Cash ISA vs Stocks & Shares: The 2026 Verdict
With base rate at 4.25% and best-buy easy-access cash ISAs paying 4.50–4.85%, cash is finally earning something real. But the 20-year return differential still matters. Historical FTSE All-Share total return has averaged 7.3% nominal versus cash ISAs averaging 2.9% across the same 20-year windows. Over a full working life:
- £20,000 for 30 years at 4.5% = £74,900
- £20,000 for 30 years at 7.3% = £165,900
The compounding gap is £91,000 on a single £20K contribution. For any money you will not touch for 5+ years, Stocks & Shares is mathematically the right call — and the ISA wrapper makes it tax-free, so the equity return is the return you keep.
Interest Savings Allowance Is Still Useful Outside the ISA
Remember the Personal Savings Allowance (PSA) runs in parallel: £1,000 of interest tax-free for basic-rate, £500 for higher-rate, nil for additional-rate. If you have topped up your ISA and still have spare cash, a GIA earning within PSA limits is effectively tax-free too — but only up to those ceilings, and only for cash/bond interest, not equity gains.
Dividend and CGT Allowances Outside the ISA
The shrinking of non-ISA allowances is the quiet story that makes ISAs more valuable every year. For 2026/27:
- Dividend allowance: £500 (down from £1,000 in 2023/24 and £2,000 before that).
- Capital Gains Tax annual exempt amount: £3,000 (down from £12,300 in 2022/23).
- CGT rates on shares: 18% basic / 24% higher (aligned with residential property rates as of October 2024).
On a £50,000 General Investment Account throwing off 4% dividends (£2,000), £1,500 is now taxable — £131 for a basic-rate filer, £506 for higher-rate. Move the same £50,000 into a Stocks & Shares ISA and that tax becomes £0, permanently. The gap is roughly one nice holiday a year.
Bed & ISA: Moving Existing Non-ISA Holdings
If you hold shares or funds outside an ISA, most platforms offer "Bed & ISA" — sell in the GIA, immediately buy back inside the ISA. The sale crystallises any gain (use your £3,000 CGT allowance), and from then on the holding is tax-sheltered. Doing this progressively over 5–7 tax years can shift a £100K portfolio fully inside an ISA with minimal CGT damage, and 2026/27's fresh £20K headroom opens the window for this year's tranche.

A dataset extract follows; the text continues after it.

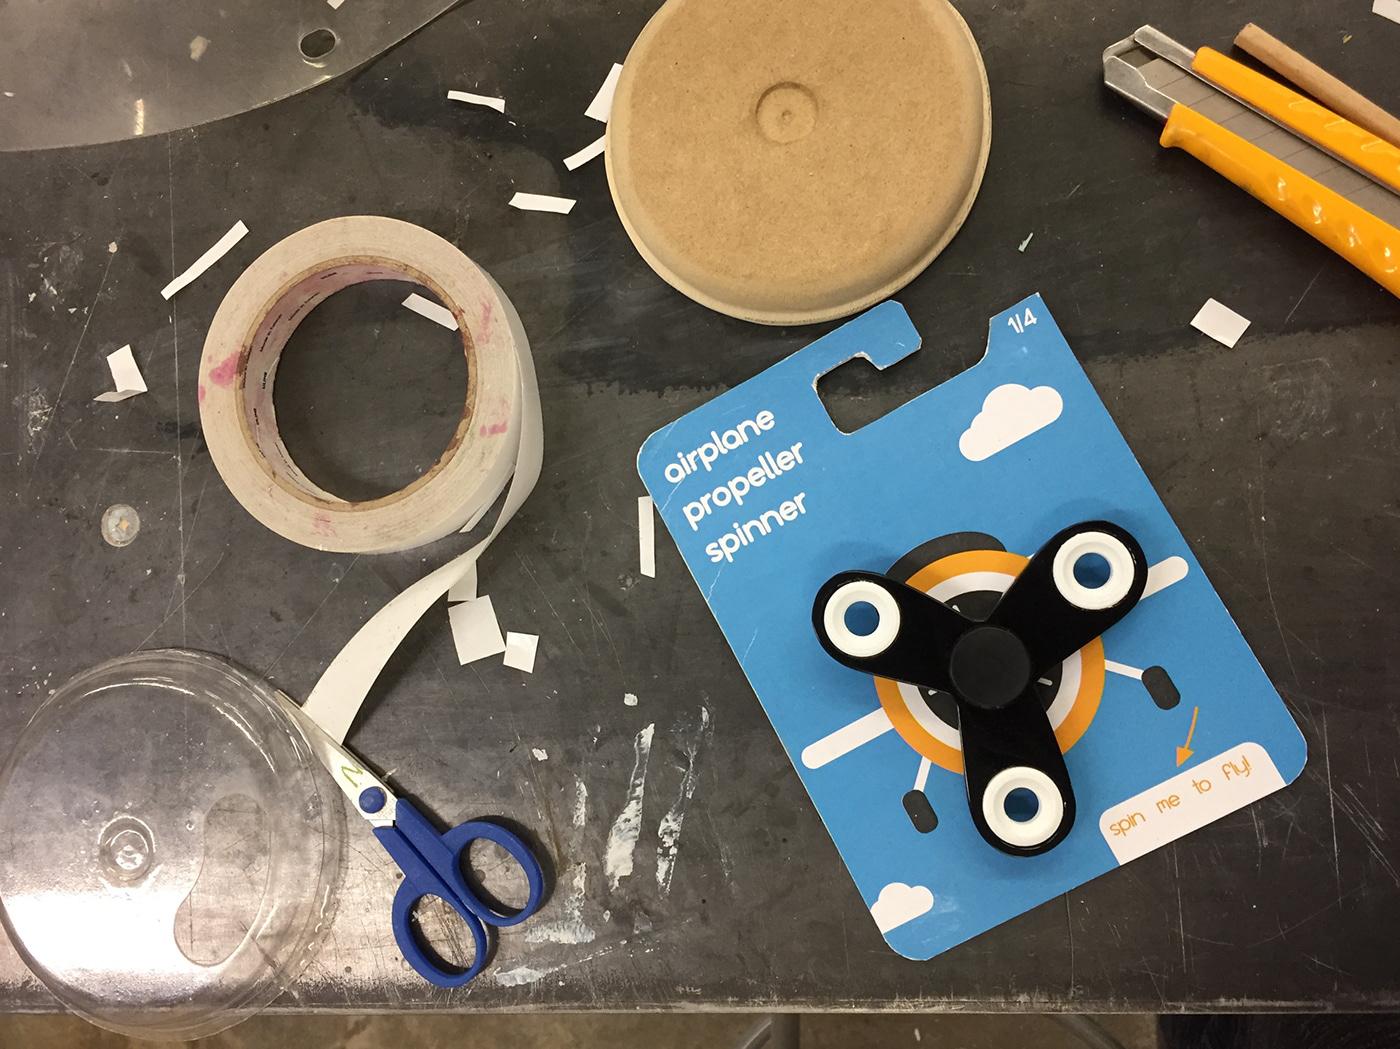 adobeawards productdesign Packaging graphicdesign playfuldesign vacuumforming

Verdict: The allowance is generous and intact. Use day one of the tax year as a prompt to automate contributions — monthly direct debits average into markets far better than a lump-sum deposit on 5 April 2027. Sanity-check any mortgage plans alongside using the Mortgage Calculator UK, and if you are under 40 and saving for a first home or retirement, the LISA Calculator UK shows exactly how the 25% bonus stacks year after year.